A new
associate of mine posted an article about the record-breaking gun
violence in Chicago over Independence Day weekend, 2014. 50 deaths in a weekend. Horrendous!
Just
remember one tenet of government: laws don't prevent crime, they
categorize action as crime and enable punishment. Even if gun ownership
itself became a crime, criminals would still have and use guns as part
of their business, and the absence of civil ownership as
a deterrent may lead to emboldening their crime (i.e., if a criminal knows
only law enforcement is armed, then with an illegal weapon, that
criminal could proceed unabated without fear of retaliation, kind of
like if N. Korea was the only country in the world with a nuclear
arsenal). This bloodshed is indeed mental, but it's more a statement
about the kind of people who exist in Chicago, a statement about our
culture.
In my view on things, criminal law doesn't improve culture, it
restricts liberty.
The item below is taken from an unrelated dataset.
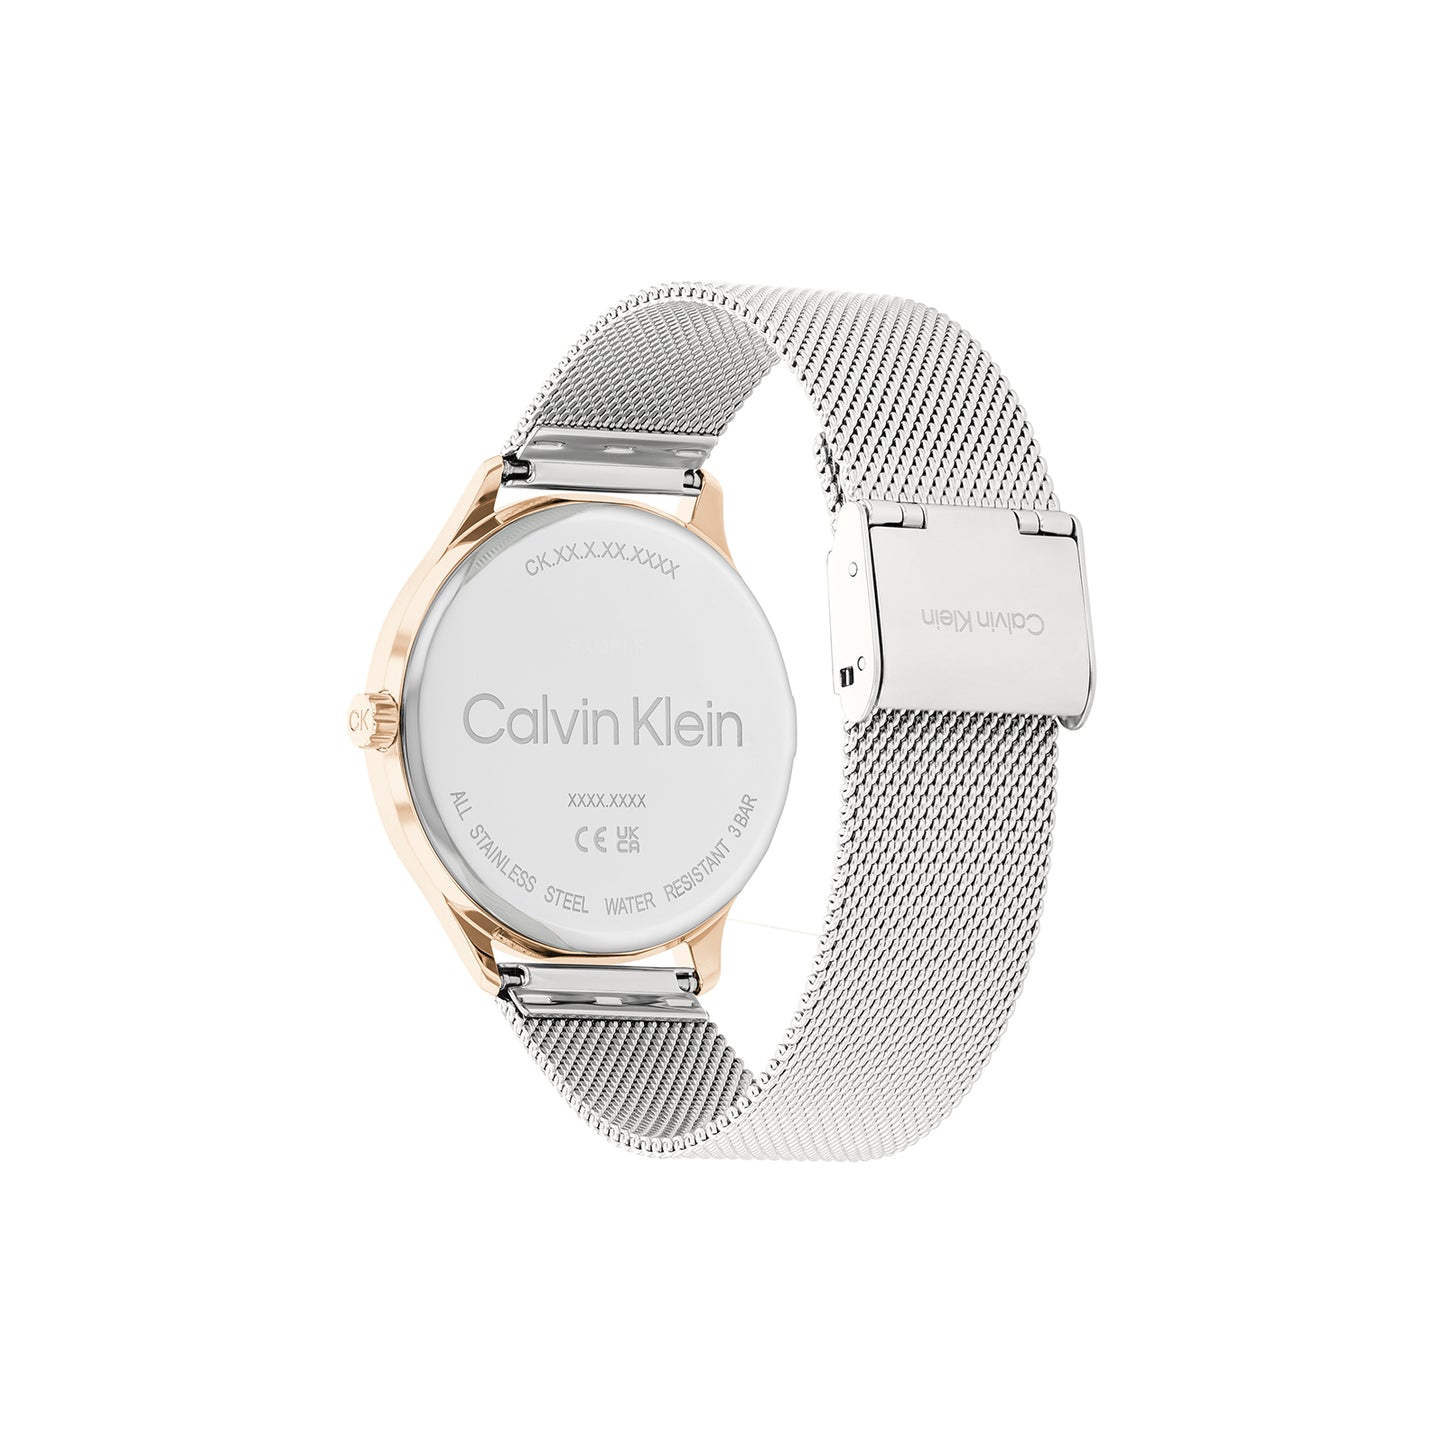 Calvin Klein 25200374 Women's Steel Mesh Watch

Changing culture is more important than changing
laws. So how do you change culture? Connectedness, trust, respect,
courtesy, compassion. How do you imbue that upon the violent masses of
Chicago, gun-toting or otherwise?
What occurs here is a culture, a breeding cycle between
monsters and victims. Untreated, the victims turn their hurt outward
and become monstrous, themselves. Sure, they justify, but this mad cadence of
actions continues. As most often is the case, it is an element of
behaviour that starts in families.
To address the cause of monstrous
action and broken hearts is far and above the duty of civil entities,
but it is indeed the responsibility of those among us who deign the
title of citizens. Therefore, we must love those monstrous individuals,
show them compassion, but guide them to a point of health. Relegating
our duty as a community to the officers of the peace, the appointed
governors, that is turning away from our dysfunction as a people. When
this city or this nation or this race can unite and show the heart few
are bold enough to wear, then indeed our problems are over. Until then,
more "obvious" laws and more law enforcement is a symptom of the
loveless anathema of our earthy existence, on the road to an inhuman
dystopia of impulse, selfishness, and cold, crowded isolation.